Schoenbrun, who had just begun transitioning when they wrote the film, set out to articulate not just the tumult of dysphoria but “the experience of slowly pulling [themselves] FROM [a false reality] and starting the work process… having the courage to step out into transition.”

An ice cream van-style truck drives by at night with smoke billowing from it, tinted purple and pink by the light.

I Saw the TV Glow is a departure from the micro-budget minimalism of Schoenbrun’s previous work. (Sony Pictures)

A relationship with a TV show

I Saw the TV Glow hinges on The Pink Opaque’s abrupt fifth-season cancellation and Maddy’s subsequent disappearance — a twist inspired by the infamously disturbing Twin Peaks season 2 finale, which Schoenbrun watched early on puberty.

For the director, the experience of a TV show ending before its time, suspended in unsettling non-resolution, mirrored the trans experience of growing up in a body that felt disconnected from their sense of self.

“For a lot of trans people, certainly for me, there’s been an unresolved wrong since then,” says Schoenbrun.

“I literally had recurring dreams where [Twin Peaks] it would come back and work itself out… The way something like that can seep into your subconscious, as so much of David Lynch’s work does, was a major inspiration for the film.”

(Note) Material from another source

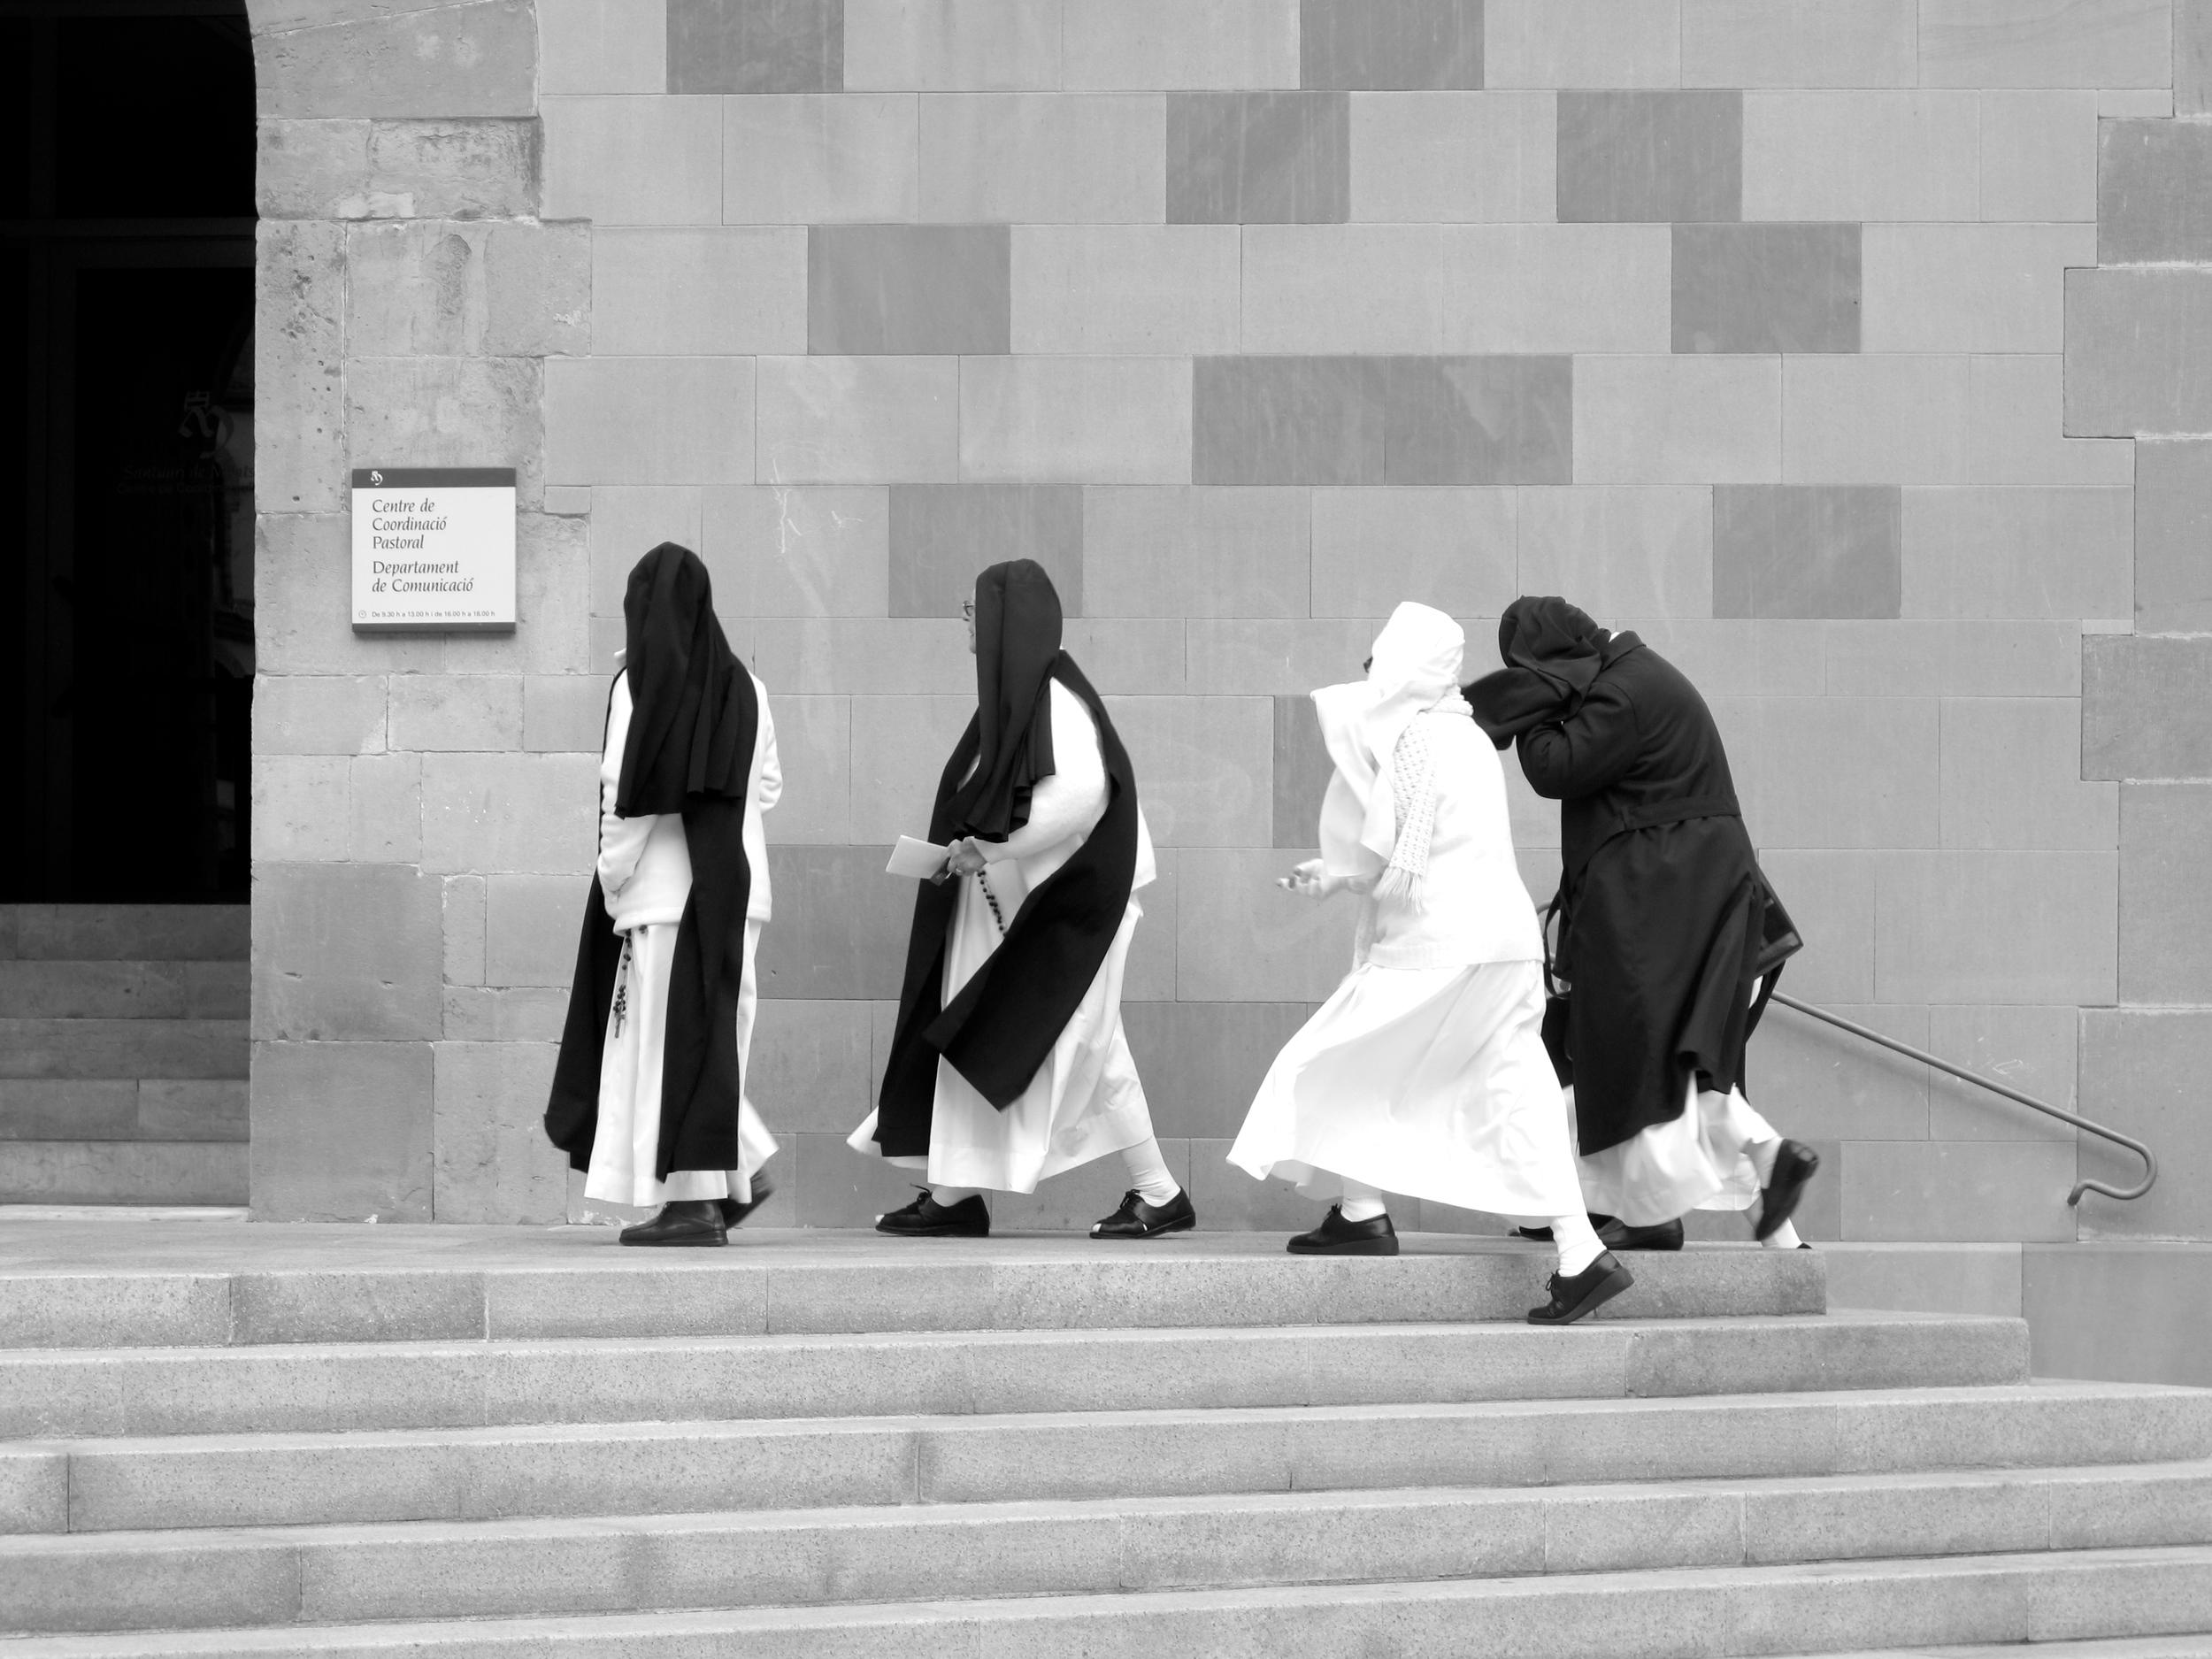 Nuns battling the wind at the monastery of Montserrat, Catalonia

Brigette, left, stares straight ahead with a free expression on a football field next to Justice, right, who does the same.

Maddy (left) goes missing after their favorite TV show is cancelled, in a twist inspired by the infamous Twin Peaks S2 finale. (Sony Photos: Spencer Pazer)

As an adult who now proudly identifies as non-binary, Schoenbrun’s relationship with the media that once provided a lifeline has become more distant. They recently saw Buffy again for the first time since her early transition, a process she likens to meeting an ex.

“I could go right back to everything he meant to me, how much of myself I poured into him… [All] those moments that meant so much to me, were my definition of being in love at one point.”

As the characters in Schoenbrun’s films deal with the dissociative sensation of seeing themselves on screen, the filmmaker can now look back on the other side, where their lives have “a better kind of love than a relationship with a TV show.”

“It was painful to remember,” they say. “I felt a lot of sympathy for the child in need [Buffy] so bad.”

Since its debut at this year’s Sundance Film Festival, I Saw the TV Glow has inspired an array of fervent reactions. The film can alienate as much as it comforts, offering few direct answers for screen-watchers, queer audiences, and everyone else who succumbs to its enigmatic presence.

“The kind of cinema I really believe in is a cinema that persists – that says something that’s not so simple as a moral,” explains Schoenbrun – an ethos they inherited from “so much of the art that supported [their] hand through life”.

“I try to make sure that every film is not wasted. It’s such hard work to make something, and the only way I know how to do it is to make something incredibly personal that people can engage with in a very deep and, hopefully, visceral way.”

I Saw the TV Glow is in theaters now.